This is an honest-to-goodness story about a turtle named Turtzi. It might help to explain some of the turtle’s anecdotes when her name was questioned. “Oh, we just gave her a little class. Instead of just Turtle we decided on Turtzi. Sort of like, Mitzi. It was Turtle fancied up,” Miriam said.

“We had just moved to Rome. All of Italy goes to the beach in the summer. I was just wandering around and decided I needed a little companionship. It was in the summer of year 2000, when Miriam wandered into a pet store and purchased a turtle, “the size of a quarter,” she indicated with a thumb to finger gesture.

Miriam’s husband, John, was general consul for MFO (Multi National Force and Observers), a peace-keeping force in the Sinai and traveled extensively. Hence the reason for Miriam’s need “for a little companionship.” Turtzi became more than just a companion she became a mystery to both of them throughout their four-and- a- half- years stay in Rome.

Turtzi, now 13, has had numerous companions. In one way or the other, they have all disappeared. Perhaps, because shortly following the purchase of Turtzi, they took her to a “Blessing of the Animals” celebration at Rome’s San Antonio Abate Church. Her blessing must have stuck. Turtzi is the only one left to date, even though when she arrived in the USA from Rome, Miriam was holding high above her head, two Painted Turtles. Unlike Turtzi, the second one has long since disappeared, name forgotten. “I do remember fellow passengers screaming in terror when they saw two large turtles. They do have a habit of hissing when they encounter strangers and strange places,” she said.

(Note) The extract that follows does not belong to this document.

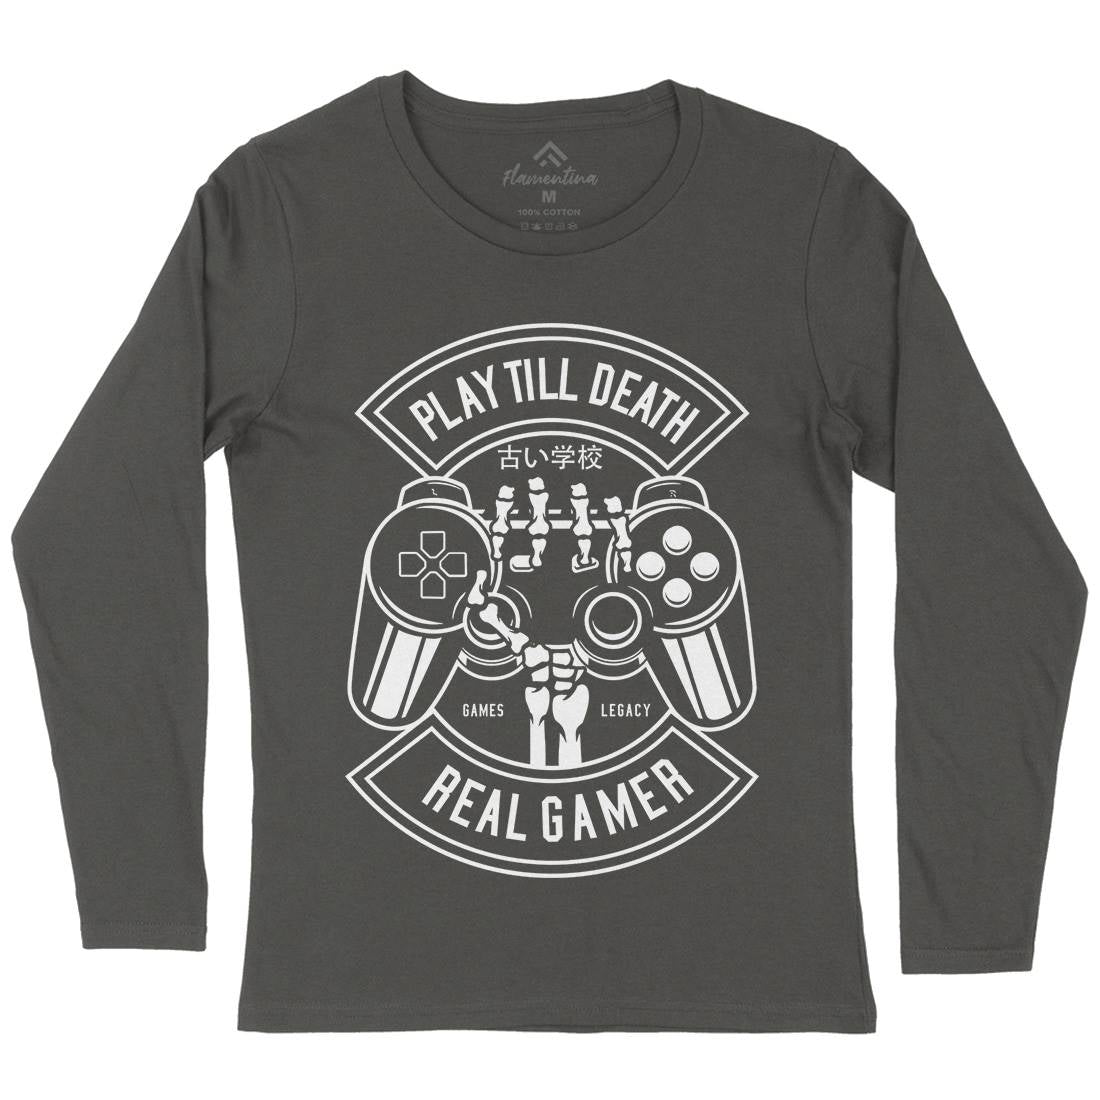 Play Till Death Womens Long Sleeve T-Shirt Geek B603
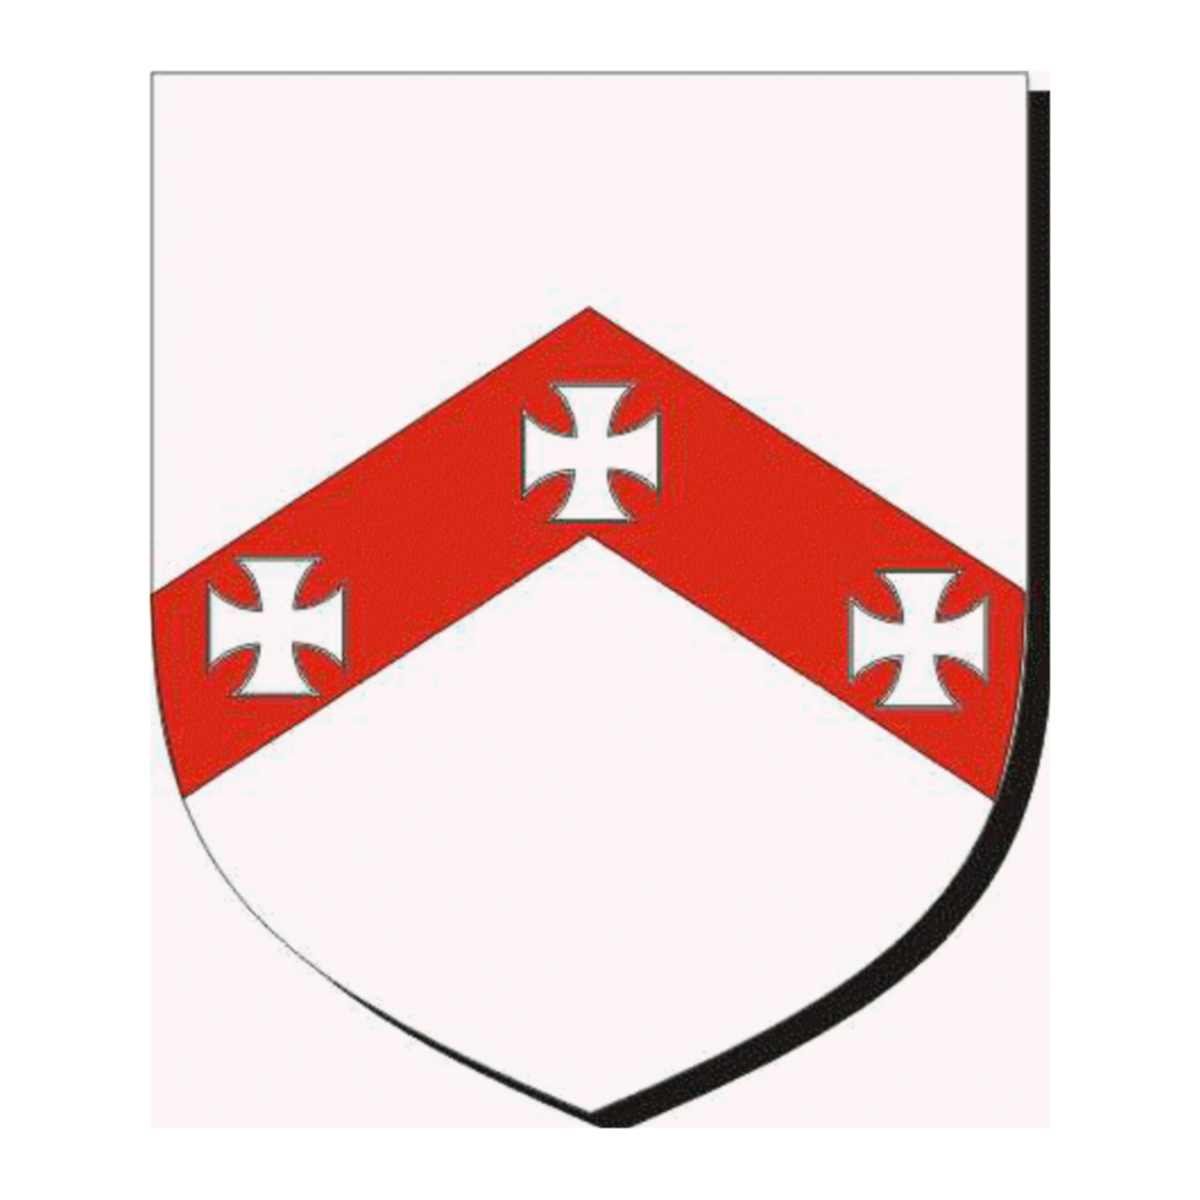 Wappen der FamiliePeck

Prior to leaving Rome, Turtzi had numerous experiences to prepare her for most any unexpected happenings. For the uninitiated, Painted Turtles grow to be about 10 inches long. Their top shell, known as a carapace, is dark green to blackish with yellow or red lines. The head and feet have more distinctive yellow lines. It’s not hard to find them if you know where to look.

However, when Turtzi went among the missing from the Crook’s upper floor apartment in a Rome building, it was pretty much ascertained she had fallen off the balcony and was gone for good. “We figured she was caught somewhere, maybe in a hedge,” Miriam said. But, she wasn’t to be found until one day there had been a terrible downpour of rain. “I came home from shopping and there she was sitting on the front porch,” she said. That was six weeks after Turtzi had taken the plunge from the fourth floor.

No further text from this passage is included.